Il gameplay del decimo capitolo viene pesantemente modificato rispetto al passato, con la rimozione di alcune caratteristiche da sempre presenti quali la World Map e nuove soluzioni applicate allla struttura di base. Diversamente dal nono episodio si ritorna questa volta a combattere con tre personaggi, ma sparisce del tutto l’Active Time Battle, in favore di un sistema a turni tipico della maggior parte dei JRPG. Una barra sulla destra dello schermo ci indicherà con delle icone chi sarà chiamato in causa durante i successivi sette turni di gioco, permettendoci di sapere in anticipo quando toccherà ai nostri avversari attaccarci. E’ una meccanica molto funzionale, che predilige una pianificazione tattica in base ai turni disponibili e alle abilità del personaggio, piuttosto che generiche e confusionarie strategie d’attacco. La novità funziona, e l’approccio tattico ottiene l’apprezzamento di pubblico e stampa. Cambia la maniera di gestire la formazione, avendo adesso il giocatore la possibilità di cambiare i personaggi anche nel bel mezzo delle battaglie. Una modifica radicale interessa anche le Summon, qui chiamate Eoni, che adesso combatteranno in nostra vece, piuttosto che sferrare un unico attacco e poi sparire.

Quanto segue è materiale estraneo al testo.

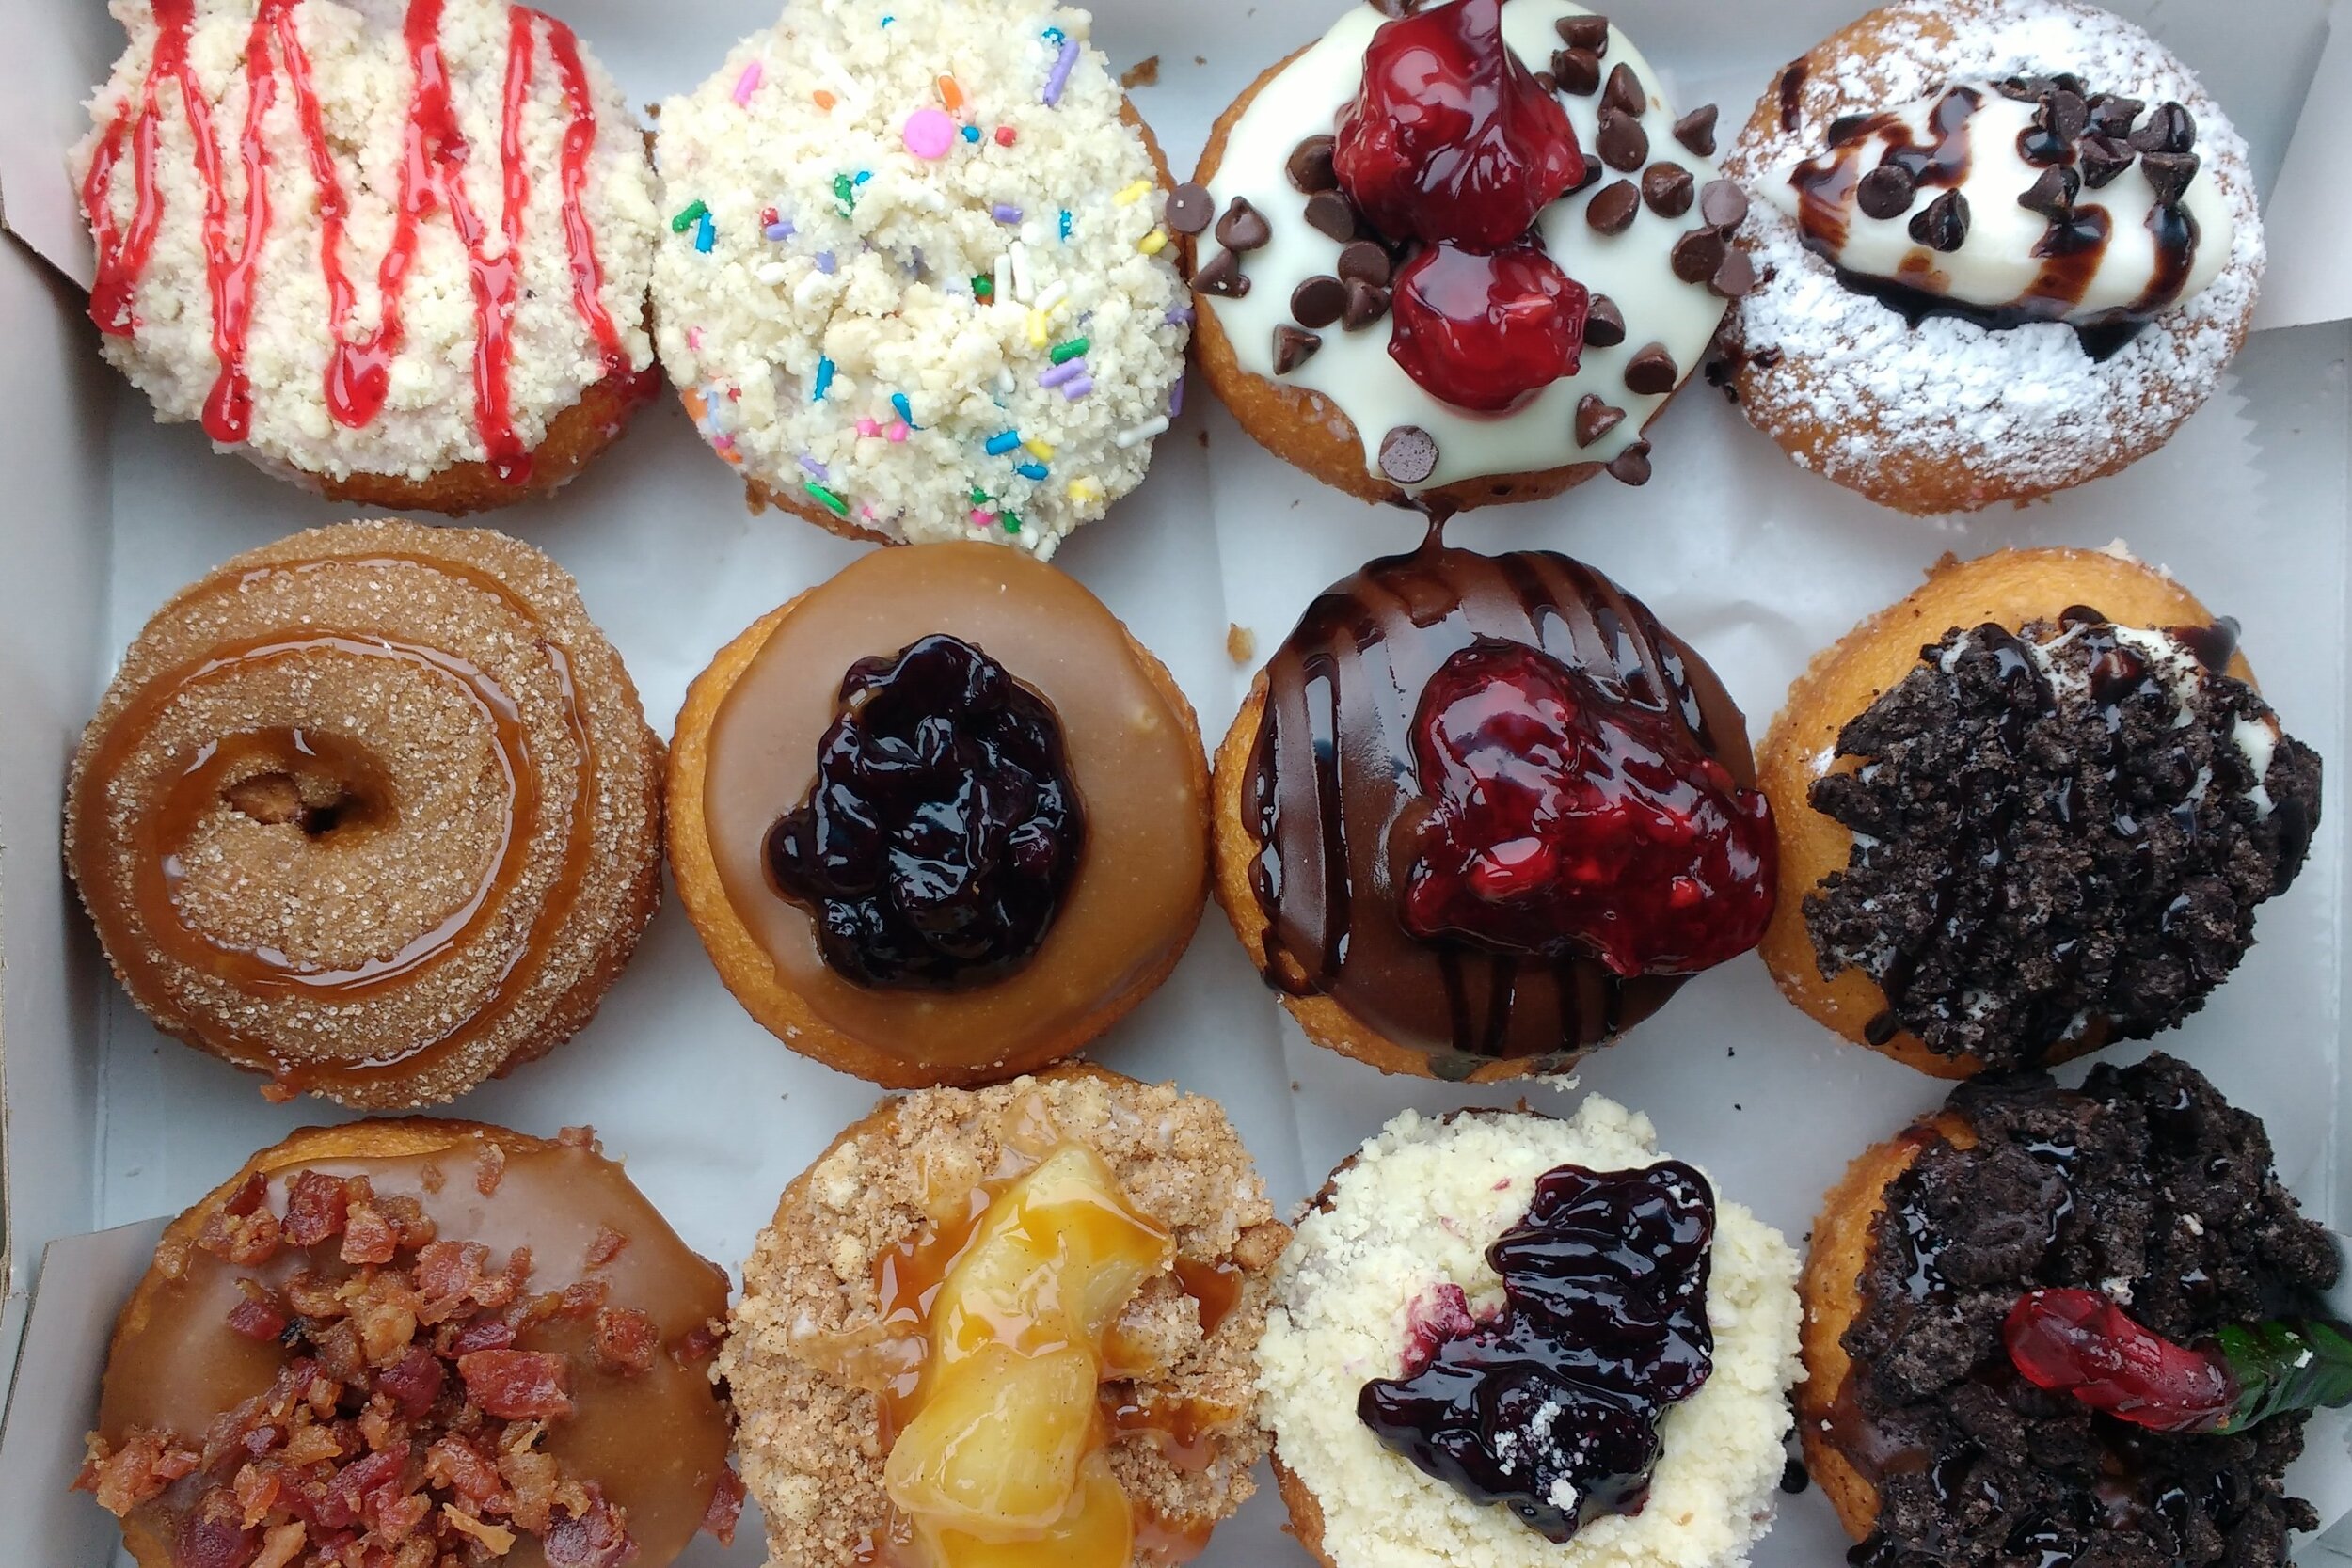 These particular doughnuts came from Peace, Love and Little Donuts, in Buffalo, NY.

L’aspetto tecnico della produzione è di altissimo livello, e mostra ciò di cui può essere capace la nuova ammiraglia Sony. Dopo l’ottimo lavoro svolto nel lip sync giapponese, nelle animazioni facciali per sottolineare gli stati d’animo e i nei superbi full motion video, si resta esterrefatti di fronte alla negligenza con cui è stata trattata la versione europea del gioco. Le localizzazioni sono state fatte senza intoppi, ma la società ha pensato bene di evitare ulteriori investimenti, non ottimizzando il gioco per lo standard PAL. Ci troviamo quindi di fronte ad un mero porting da NTSC, che sulle nostre TV significa bande nere ai lati e una spaventosa perdita di fluidità nelle animazioni. Muovere lo stick analogico in avanti e vedere il nostro personaggio correre stile moviola è dannatamente irritante, soprattutto in una produzione di questo calibro. Moltissime sono state le lamentele volte a Square per questo motivo, con migliaia di fan e la stampa contrariati dalle scelte della compagnia.

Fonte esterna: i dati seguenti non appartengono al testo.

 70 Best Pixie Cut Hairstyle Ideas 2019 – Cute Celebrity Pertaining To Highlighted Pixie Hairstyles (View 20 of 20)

La colonna sonora è stata realizzata prevalentemente da Uematsu, ma il maestro si è avvalso della collaborazione di altri artisti per via della grande mole di lavoro da realizzare in tempo per l’uscita. Tra le tracce più significative segnaliamo To Zanarkand, Suteki da ne e l’intro Otherworld.
Final Fantasy X resta oggi l’ultimo grande capitolo realizzato da Hironobu Sakaguchi.

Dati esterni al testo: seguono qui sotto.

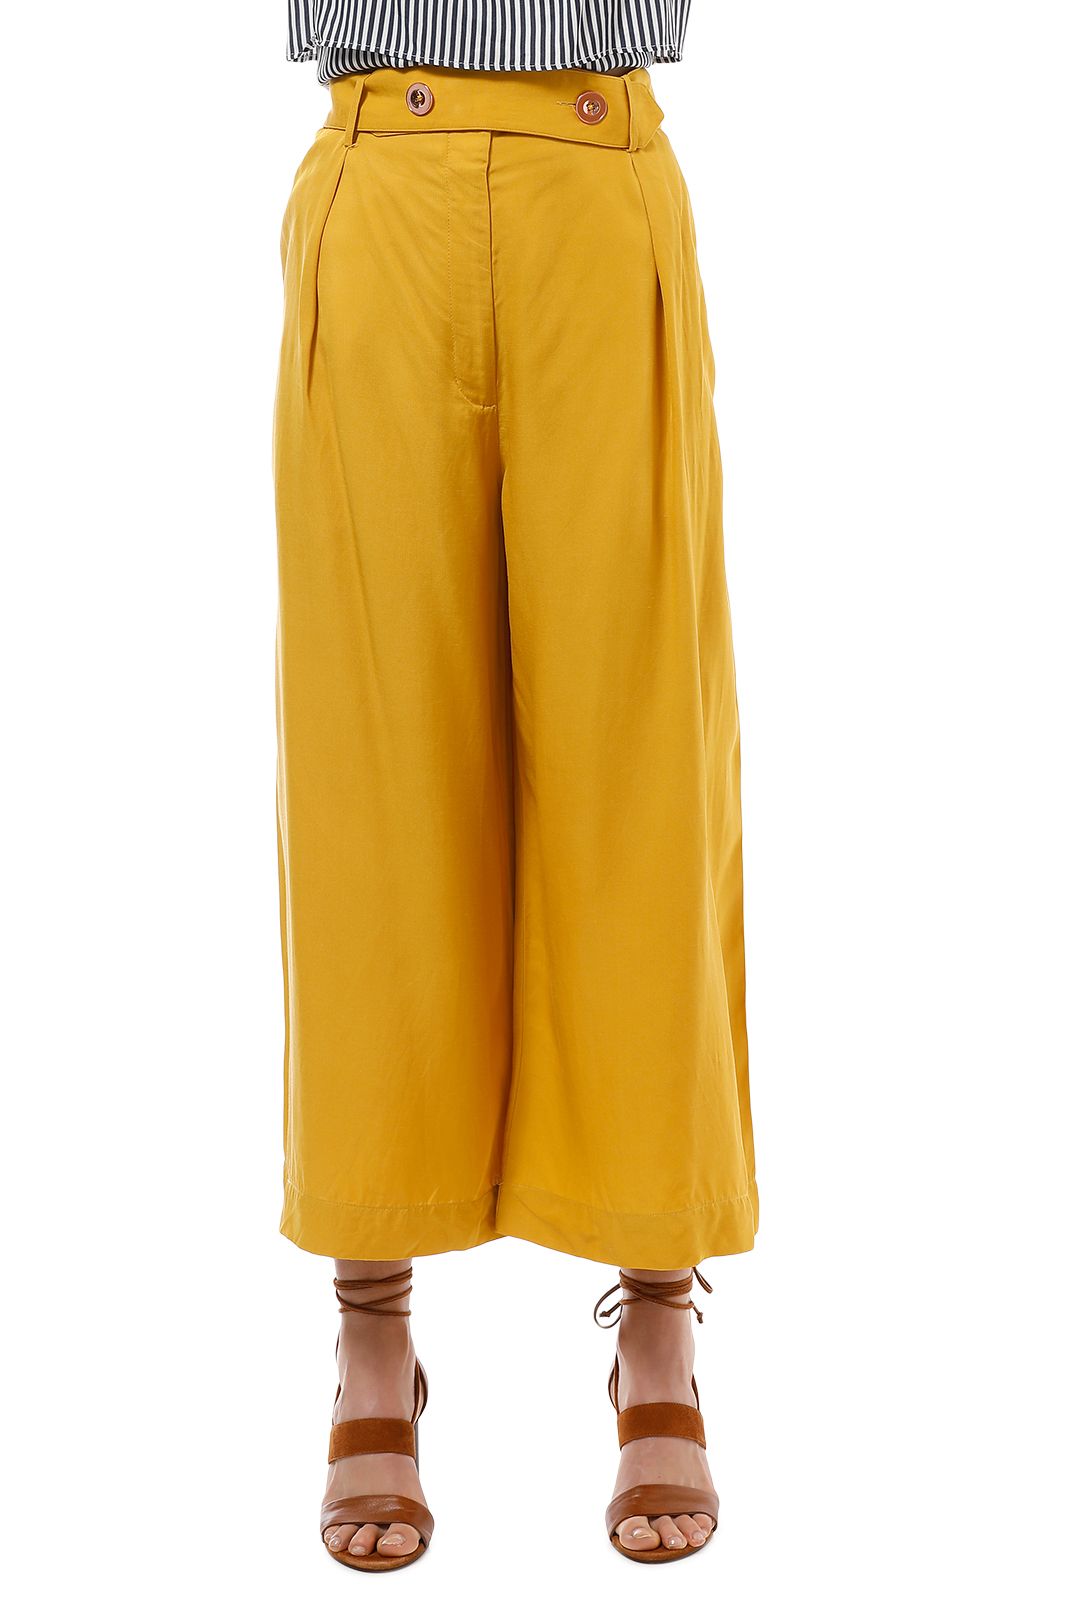 Ginger and Smart - Morph Pant - Mustard Yellow - Front Crop

Sviluppato dal veterano Hiromichi Tanaka, Final Fantasy XI rappresenta la prima incursione della saga nel campo dei MMORPG. Lo sviluppo del gioco è parallelo a quello del precedente capitolo, e la release avviene su PlayStation 2 circa un anno dopo le avventure di Tidus e compagni. 
Il gioco non vendette molto al lancio, vuoi per la particolare natura del prodotto, vuoi per la necessità di possedere un hard disk per la console. Si dimostrò da subito terribilmente hardcore, poco user friendly e totalmente incentrato sul gioco di gruppo. La lentezza nella progressione e la difficoltà nell’ottenere risultati concreti allontanarono gran parte dei curiosi occidentali. Nonostante la sfida fosse molto ardua anche ai bassi livelli, ciò che davvero sorprese fu l’endgame, talmente ostico da far impallidire perfino il mai dimenticato Final Fantasy III. I forum di discussione cominciarono ben presto ad animarsi, con i giapponesi che studiavano e pianificavano possibili strategie per uccidere questo o quell’altro boss, mentre i poveri occidentali cercavano di tradurre e osservavano con attenzione i loro tentativi. In breve tempo ci si rese conto di quanto tatticismo e quanta matematica ci fossero dietro al titolo, così i giocatori più preparati si misero al lavoro con test approfonditi (spesso durati mesi), scoprendo algoritmi complessi, funzioni e formule assolutamente da comprendere per sperare di aver successo. Inutile dire che un approccio simile non era per tutti, davvero troppo elaborato per il giocatore occidentale medio. Tuttavia lo zoccolo duro riuscì a non demordere, ormai immerso in nozioni e meccaniche così sofisticate da non poter prendere in considerazione alternative viste come troppo casual, nemmeno se l’alternativa si chiamava World of Warcraft
Col tempo le cose cambiarono, gli sviluppatori apportarono una serie di modifiche volte a rendere il titolo meno punitivo. I personaggi vennero potenziati rendendo alcuni scontri meno difficili, la quantità di exp persa morendo venne sensibilmente ridotta e alcuni mostri vennero depotenziati. Ciò nonostante la difficoltà rimaneva ancora molto alta, con un 2003 in cui il tempo necessario per abbattere uno dei boss più semplici (Kirin) poteva superare le tre ore per un gruppo di 18 persone. L’exp continuò ad essere il problema più grande, con utenti che passavano giornate intere alla ricerca di un gruppo, spesso senza avere successo. 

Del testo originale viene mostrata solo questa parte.